Single by Weezer featuring Wednesday

from the album Weezer (Gold Album)
- Released: June 3, 2026
- Genre: Alternative rock; power pop;
- Length: 3:34
- Label: Reprise; Warner;
- Songwriters: Brian Bell; Rivers Cuomo; Allan Grigg; Karly Hartzman; Luther Russell;
- Producers: Klas Åhlund; Kenneth Blume;

Weezer singles chronology
| "Shine Again" (2026) | "We Might as Well Be Strangers" (2026) | "C.E.O." (2026) |

Wednesday singles chronology
| "Townies" (2025) | "We Might as Well Be Strangers" (2026) |  |

Music video
- "We Might as Well Be Strangers" on YouTube

= We Might as Well Be Strangers =

2026 single by Weezer featuring Wednesday

"We Might as Well Be Strangers" is a song by the American rock band Weezer featuring American rock band Wednesday.

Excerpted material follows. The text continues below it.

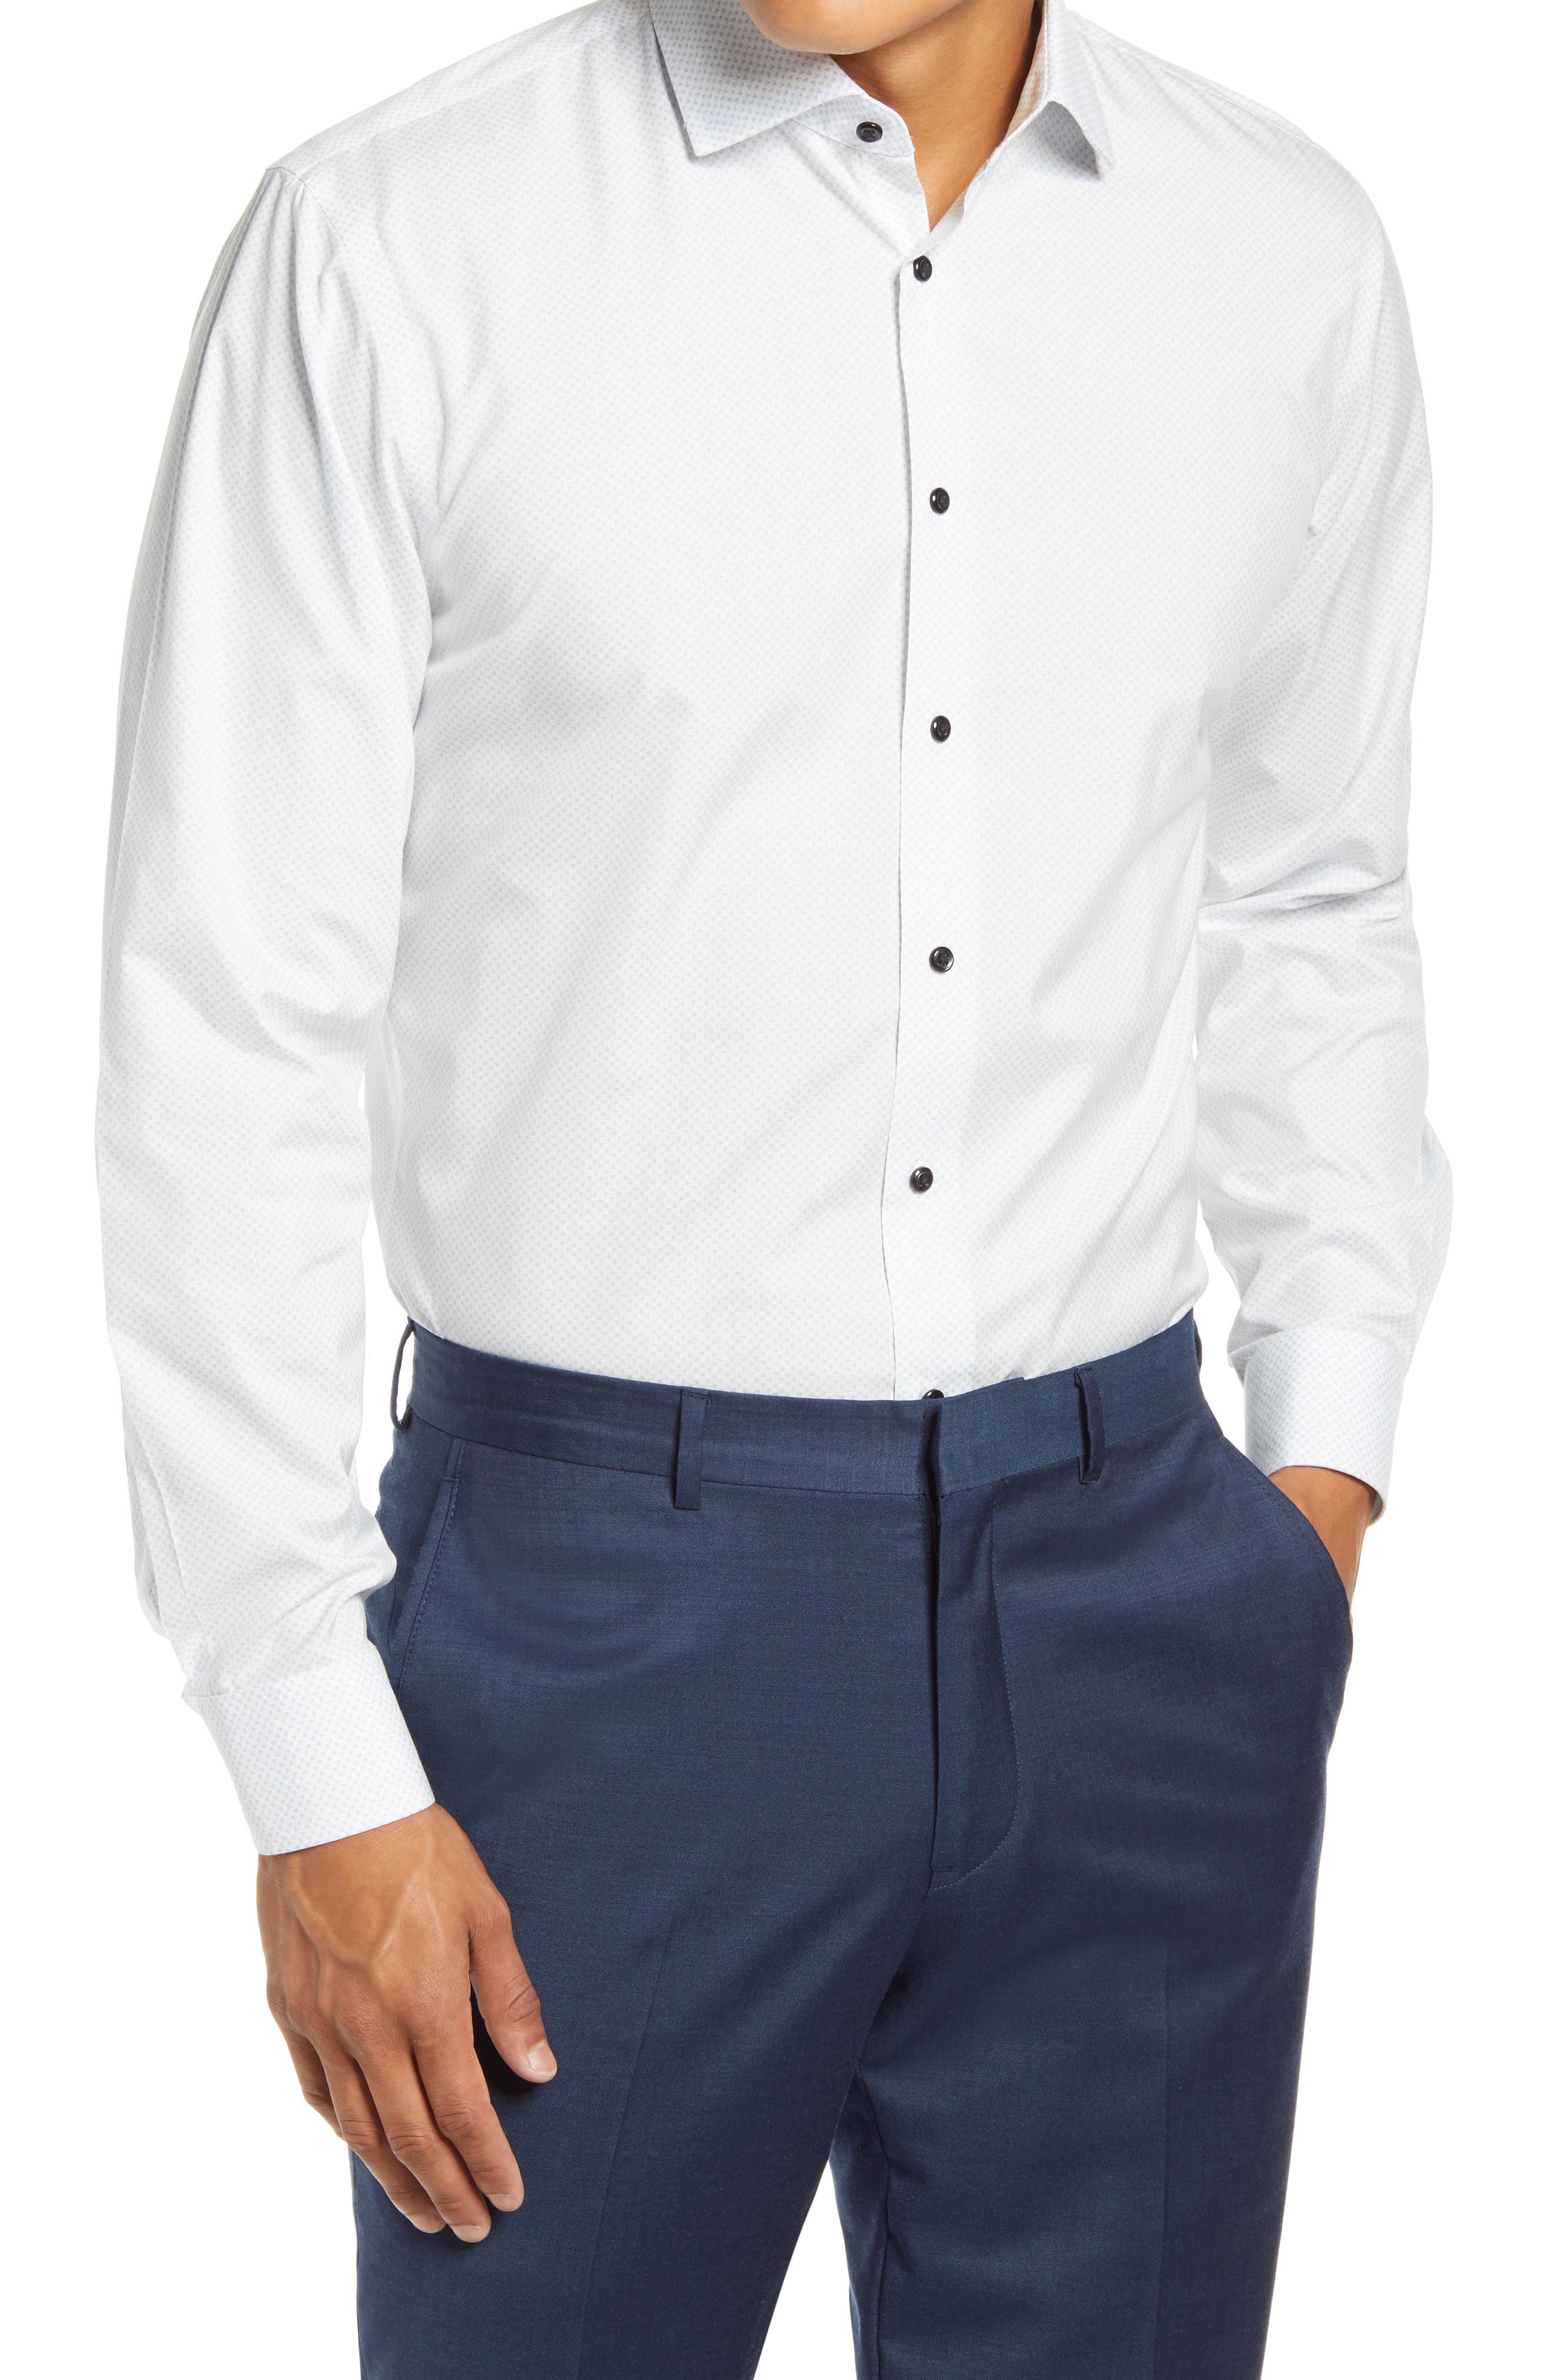 dress shirts for big and tall

It was released on June 3, 2026, as the second single for their twentieth (Note: Despite being widely marketed as EPs, Weezer frontman Rivers Cuomo considers the SZNZ series of EPs to be individual studio albums.) studio album, Weezer (also known as the Gold Album), alongside a music video and the announcement of the album's title and release date.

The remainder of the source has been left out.